Au milieu de l’année de sa seconde, Géraldine (1), âgée aujourd’hui de 27 ans, souffrait de maux de ventre en allant au lycée. Rapidement, elle a eu des insomnies et n’a plus pu aller en classe. « Je n’acceptais pas le terme ‘phobie scolaire’. C’était une trop grosse étiquette à supporter ! Pour moi, c’était juste une période où je me sentais mal physiquement. » Les semaines, les mois passent sans qu’elle puisse mettre un pied dans son établissement.  » J’étais tétanisée et j’en tombais malade, poursuit-elle. Je n’en parlais pas à mes amis, et aujourd’hui, alors que je ne peux toujours pas retourner à l’école, j’évite le sujet. Je dis que je préfère étudier seule. Quelques amies très proches sont au courant, mais c’est tout. »

Après deux années d’études par correspondance, elle a obtenu un bac ES et suit son cursus universitaire à distance. « Ce n’est pas évident, surtout au niveau social, car je suis souvent seule. Mais ce n’est pas insupportable, j’ai même eu de bien meilleurs résultats en étudiant par correspondance. On me dit souvent que ce n’est pas donné à tout le monde, mais je pense que lorsqu’on n’a pas le choix, on s’adapte. J’aime me débrouiller seule, je suis autonome et je trouve que c’est une force. »

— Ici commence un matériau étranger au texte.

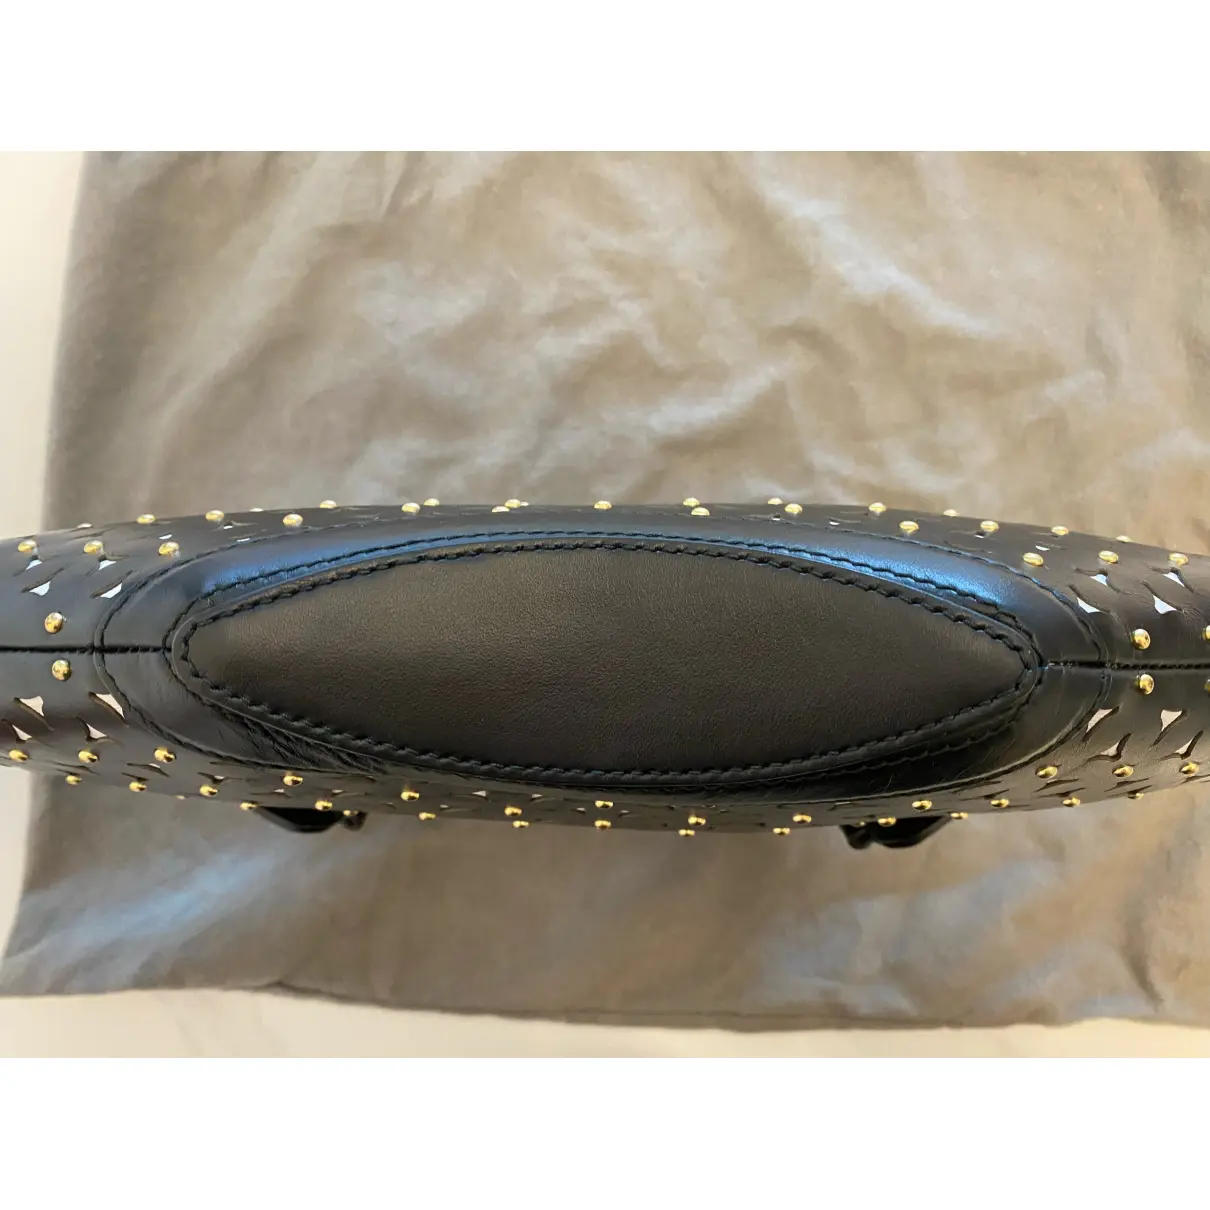 Manta leather clutch bag Alexander McQueen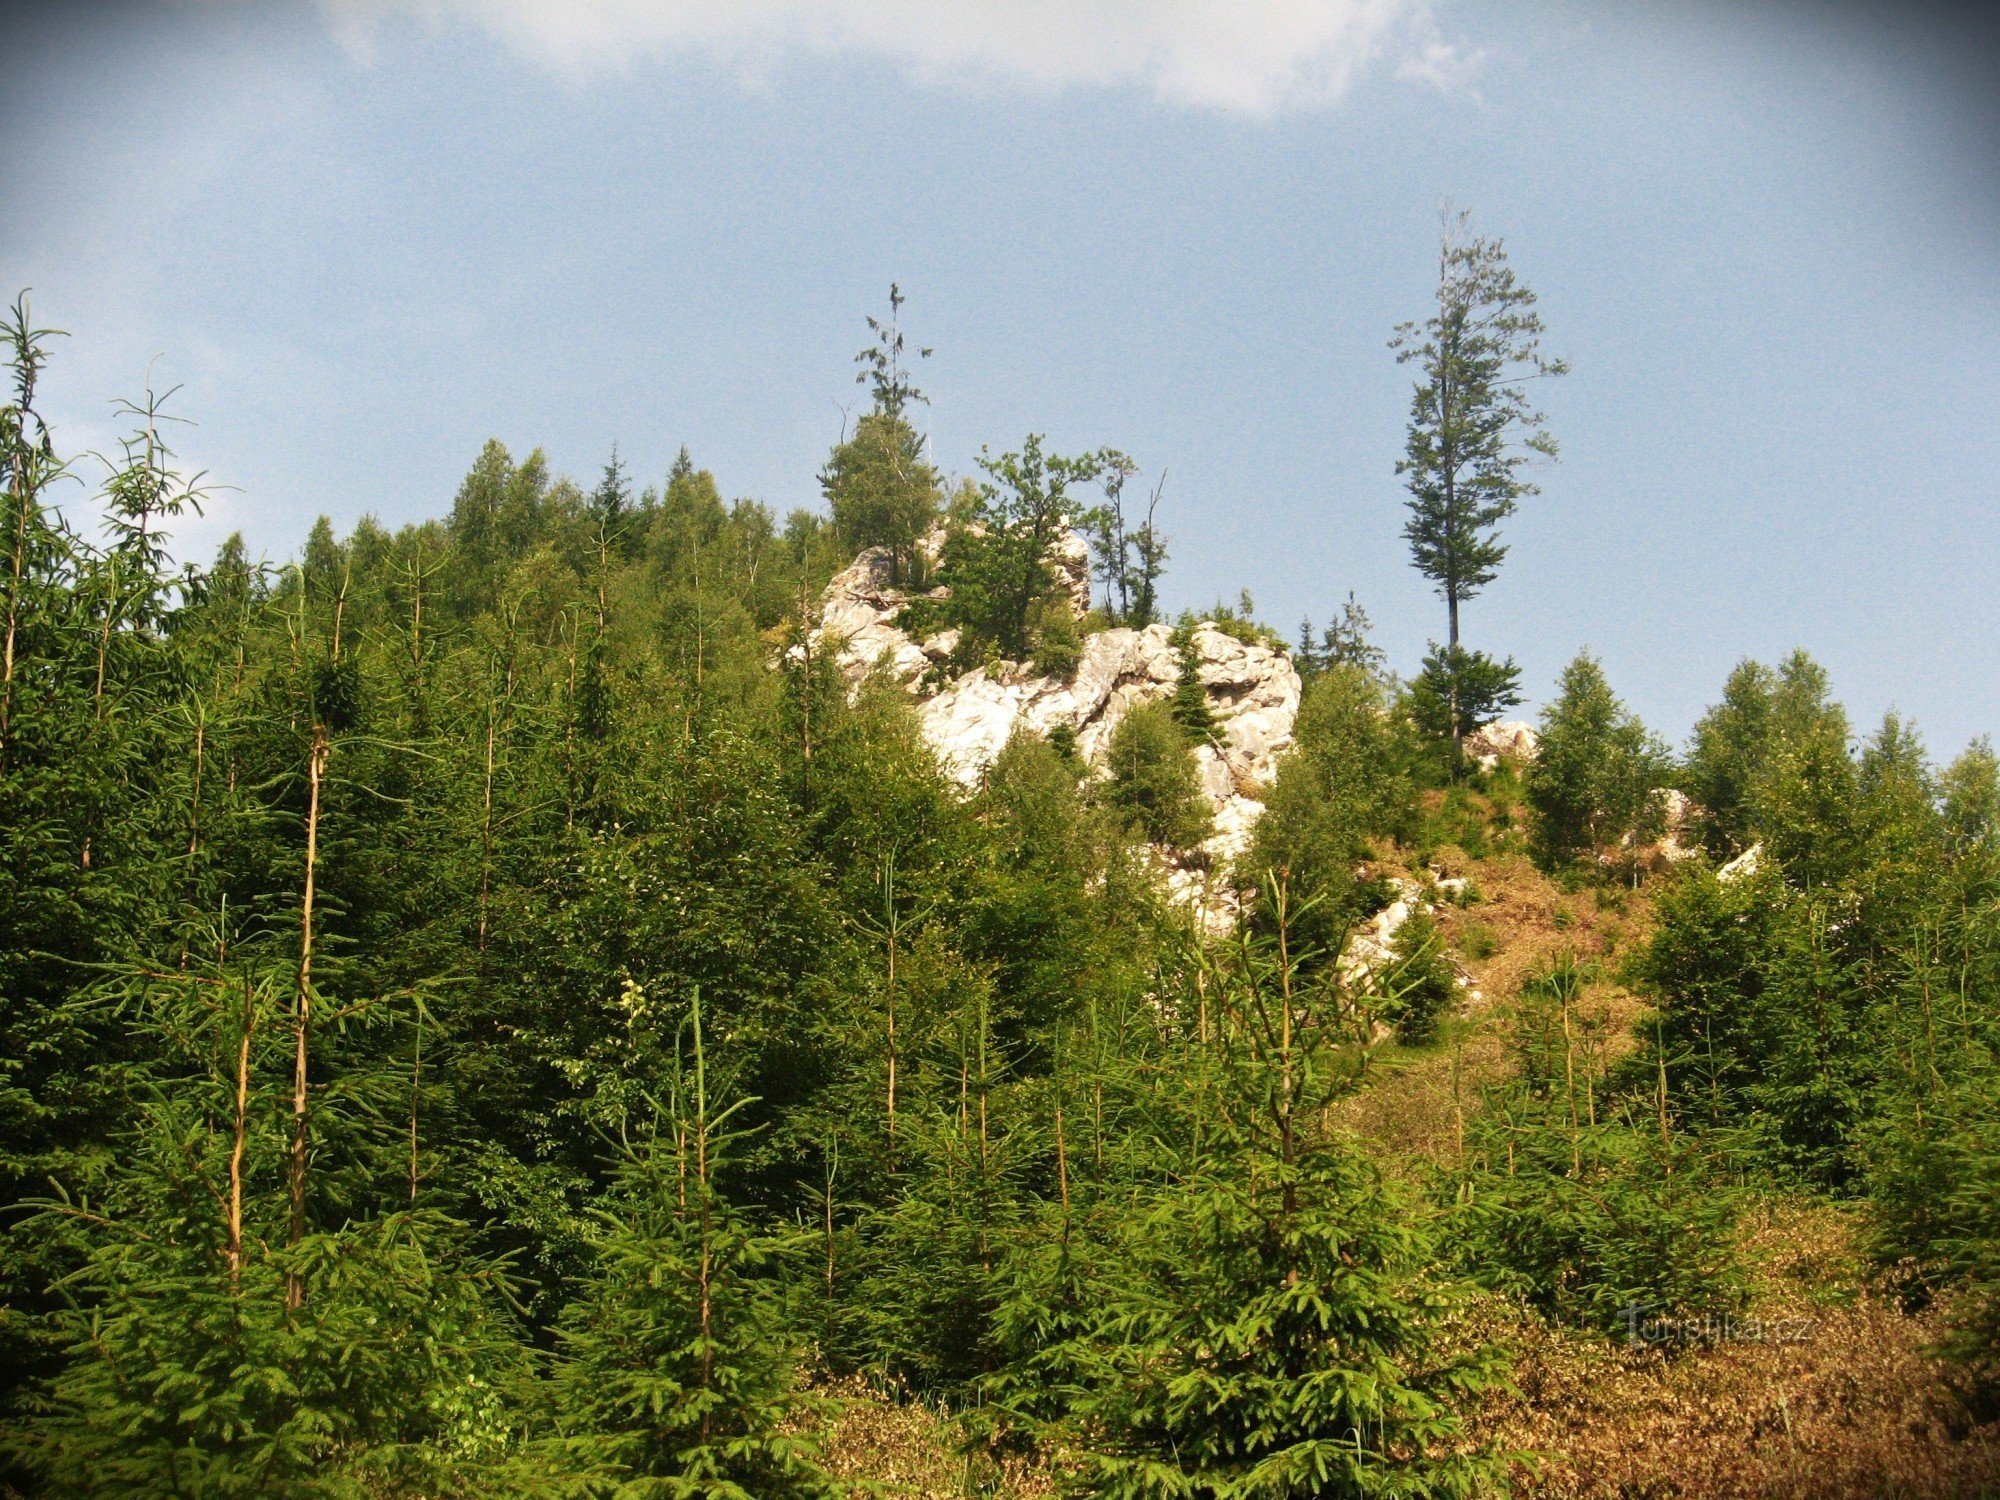 Skály pod Posedem (Біла скеля) - гори Єсеники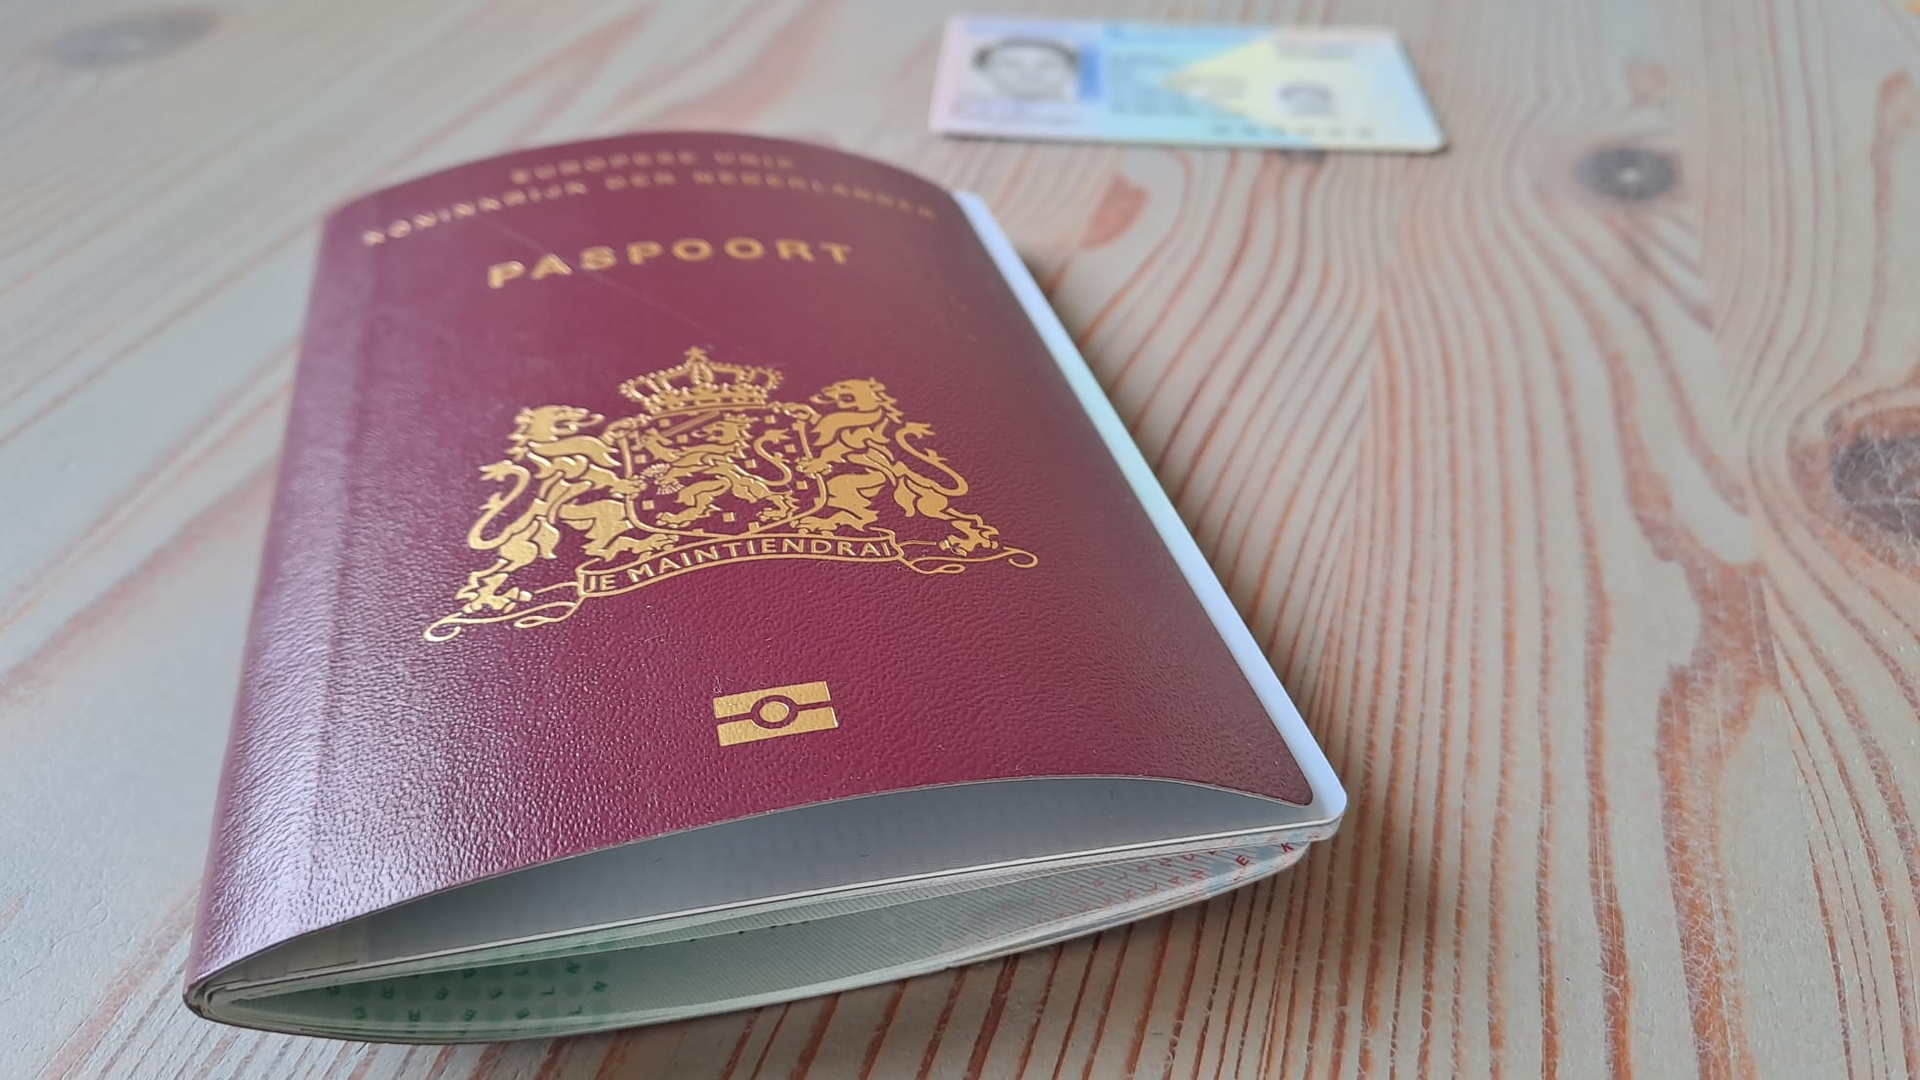 Nederlands paspoort

Des symptômes difficiles à expliquer

« Phobie scolaire » ? « Refus scolaire anxieux » ? Les termes pour définir cette angoisse profonde qui paralyse et éloigne du système des centaines d’élèves (et d’étudiants) n’entrent pas dans une classification précise des maux reconnus par l’Éducation nationale ou la psychiatrie. « Je préfère utiliser l’expression d’enfants ‘en mal d’école' », précise Marie-France Le Heuzey, psychiatre à l’hôpital Robert-Debré à Paris et qui anime une consultation spécialisée dans ces troubles. Ces enfants ne refusent pas d’aller à l’école, ils voudraient y arriver mais ne peuvent pas !  »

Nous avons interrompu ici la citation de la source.